Het vermogen dat de versterker kan leveren bij een 0.1% vervorming ligt nauwelijks hoger dan bij de twee vorige ontwerpen, maar het rendement van de versterker is beter (werking in classe AB). De versterker kan maximaal 40W per kanaal leveren.

Er schuilen een paar fouten in de schakeling.

  • Omdat de hoogspanning direct opkomt bij het inschakelen moet de fase-omkeertrap voorzien worden van een anti flash diode (zie onderaan de pagina), niet voorzien op het schema.

  • Op de instelpotentiometer moet men een extra hoogohmige weerstand voorzien (1MΩ) tussen de loper en de negatieve voorspanning, zodat als de loper slecht contact zou maken de eindtrap niet zonder voorspanning komt te werken. Ik heb reeds een aantal versterkers meegemaakt waarvan de anodezekering een aantal zonder reden gesneuveld is (zekering van 100mA).

  • De schakeling (overgenomen uit een vakblad) heeft nog één ontwerpfout: de voedingsdioden (vooral die van de hoogspanning) schakelen abrupt en veoorzaken een zeer typische ratel, veel storender dan een 100Hz brom. Door het abrupt schakelen ontstaat er een oscillatie in de voedingstransfo. De oscillatie heeft veel harmonischen (tot in de radioband) en komt terecht op de hoogohmige roosters van de buizen.

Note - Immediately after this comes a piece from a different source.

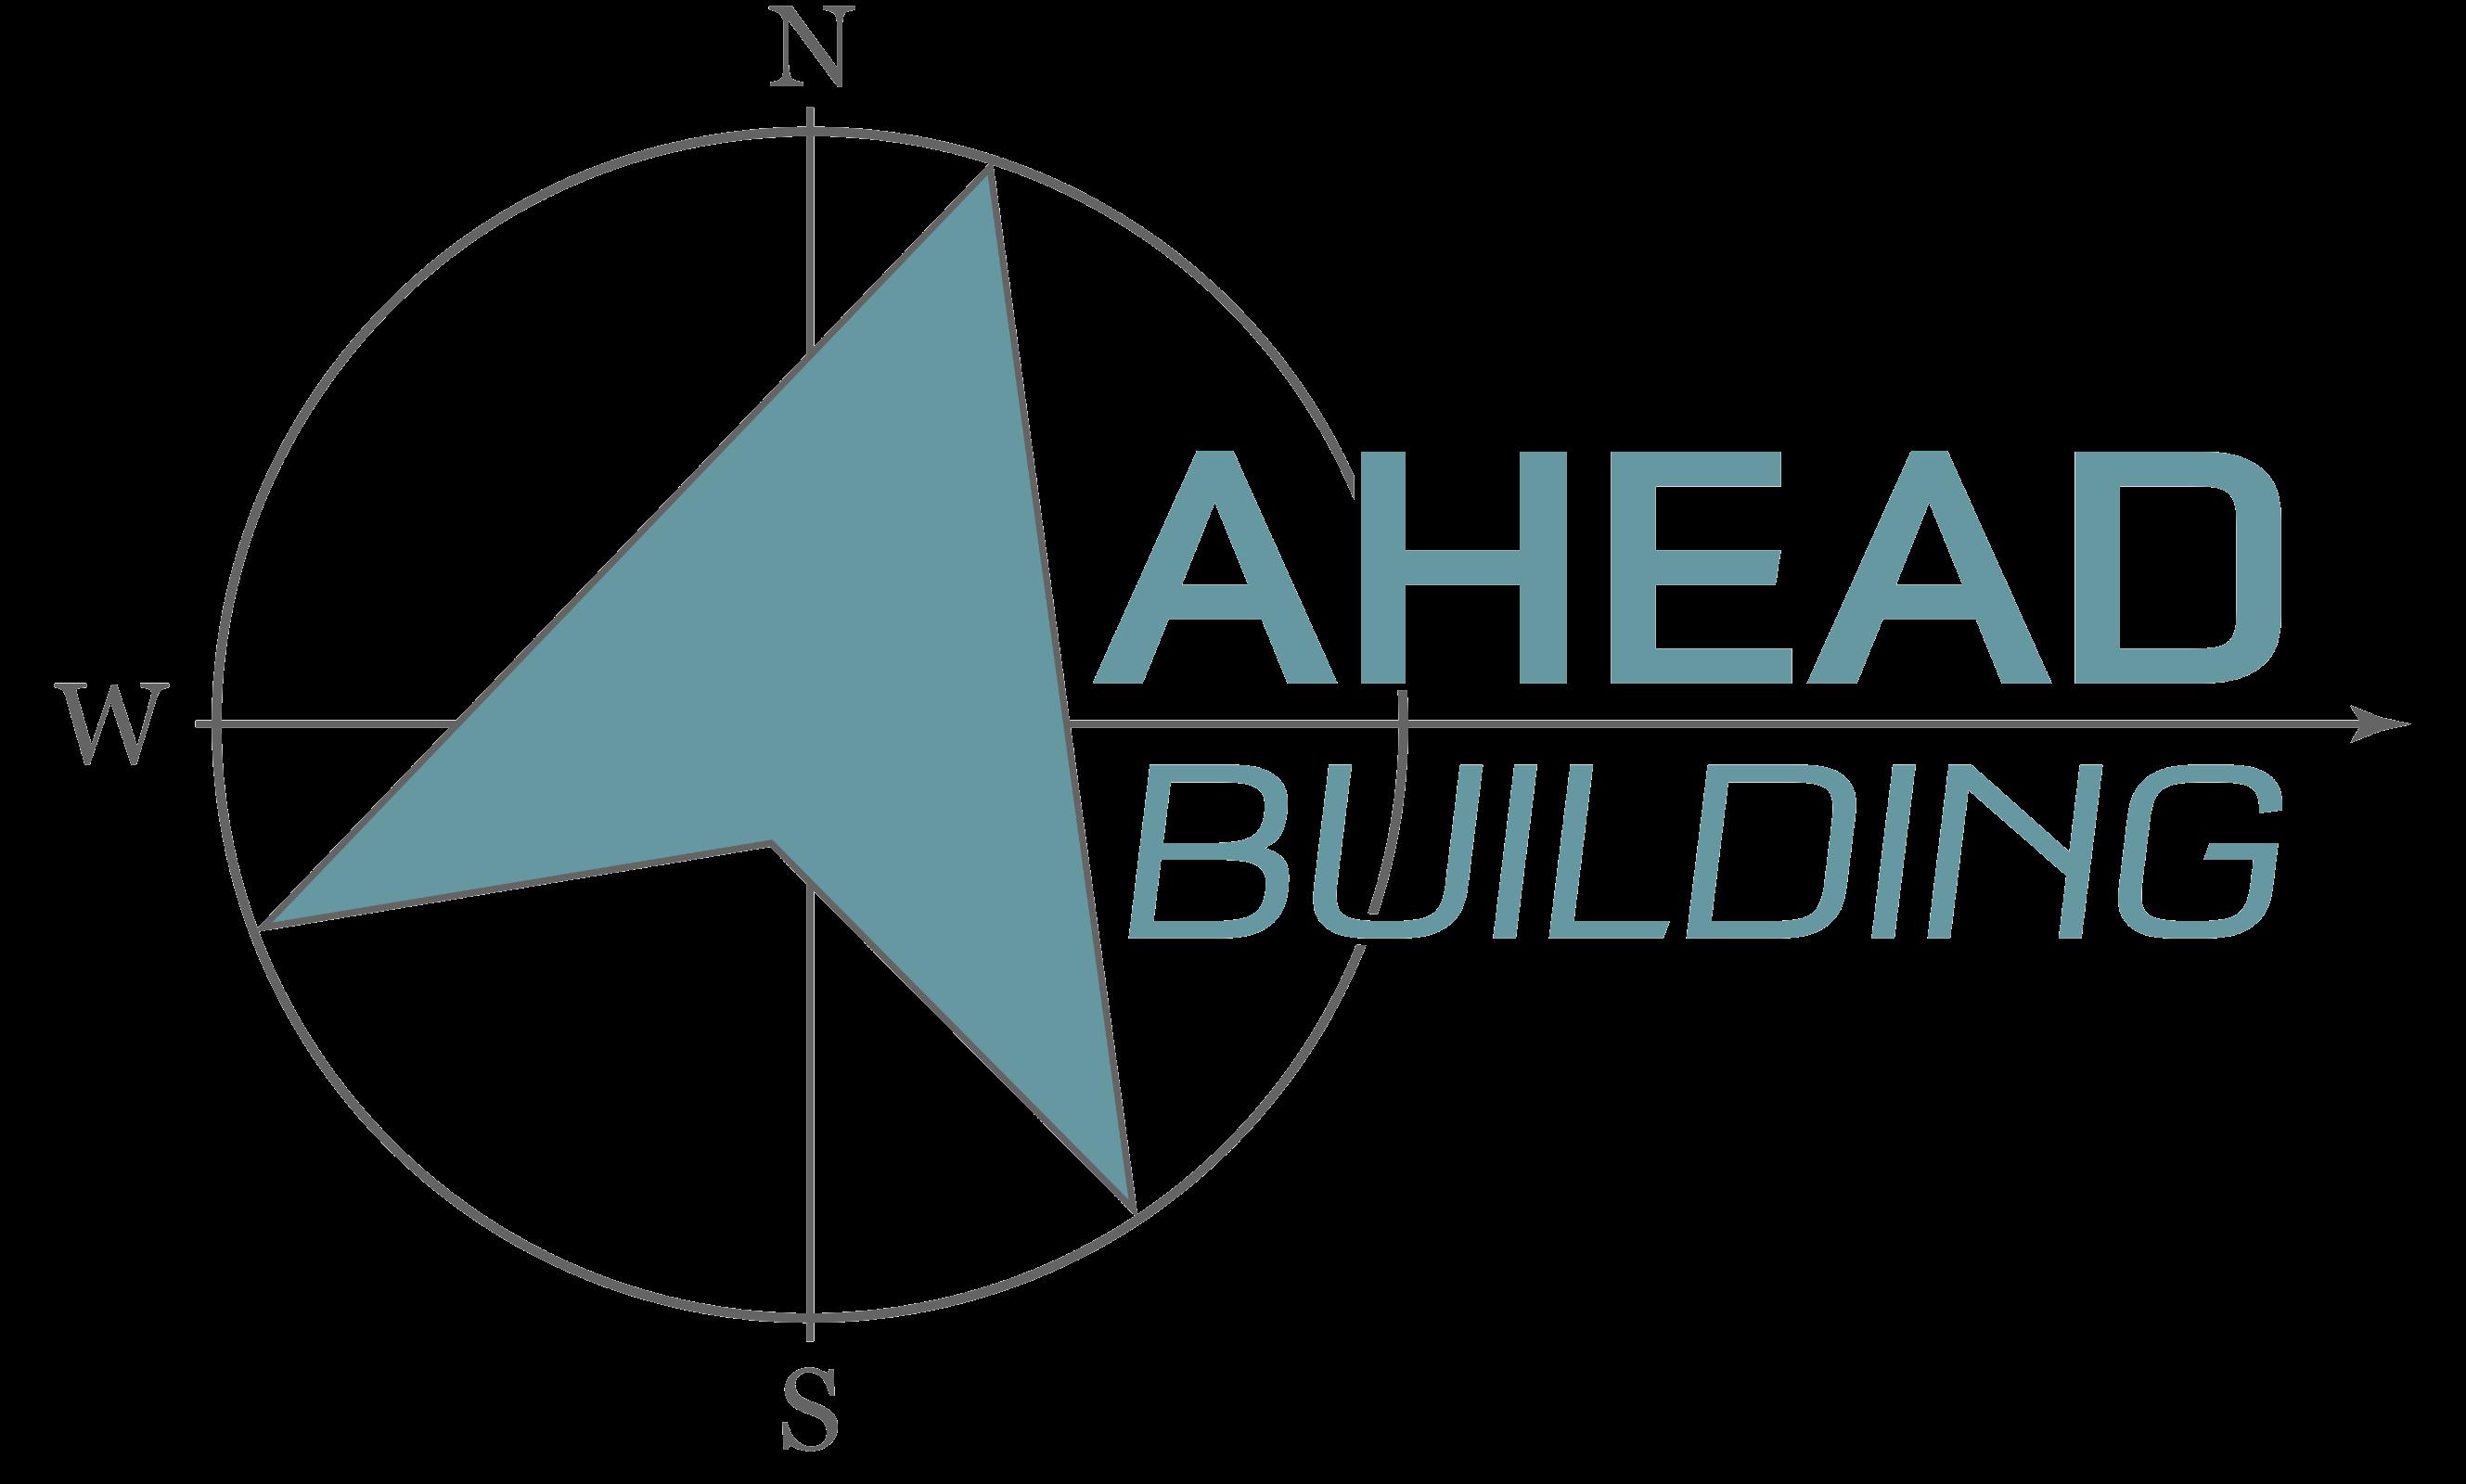 ahead building logo

De ratel kan onderdrukt worden door twee condensatoren van 10nF te plaatsen van de massa naar het secundair van de voedingstransfo (hoogspanning). De stroom die nodig is voor de negatieve polarisatie is bijna nul en veroorzaakt geen ratel maar een condensator kan geen kwaad.

Het is vreemd dat de ontwerpers extra condensatoren van 100nF voorzien in de gelijkgerichte voeding (daar waar hun effekt verwaarloosbaar is), maar geen condensatoren plaatsen op het secundair van de voeding. Waar de kleine condensatoren geplaatst moeten worden staat aangeduid met de rode stippen (aansluiten naar massa).

Je kan natuurlijk een eigen versterker opbouwen met de beste deelschakelingen, bijvoorbeeld een voorversterker en fase-omkeertrap (concertina montage) met ECC83, gevolgd door een symmetrische versterkertrap (zoals de derde schakeling) met ECC82 en met de eindtrappen die met een negatieve voorspanning geregeld worden.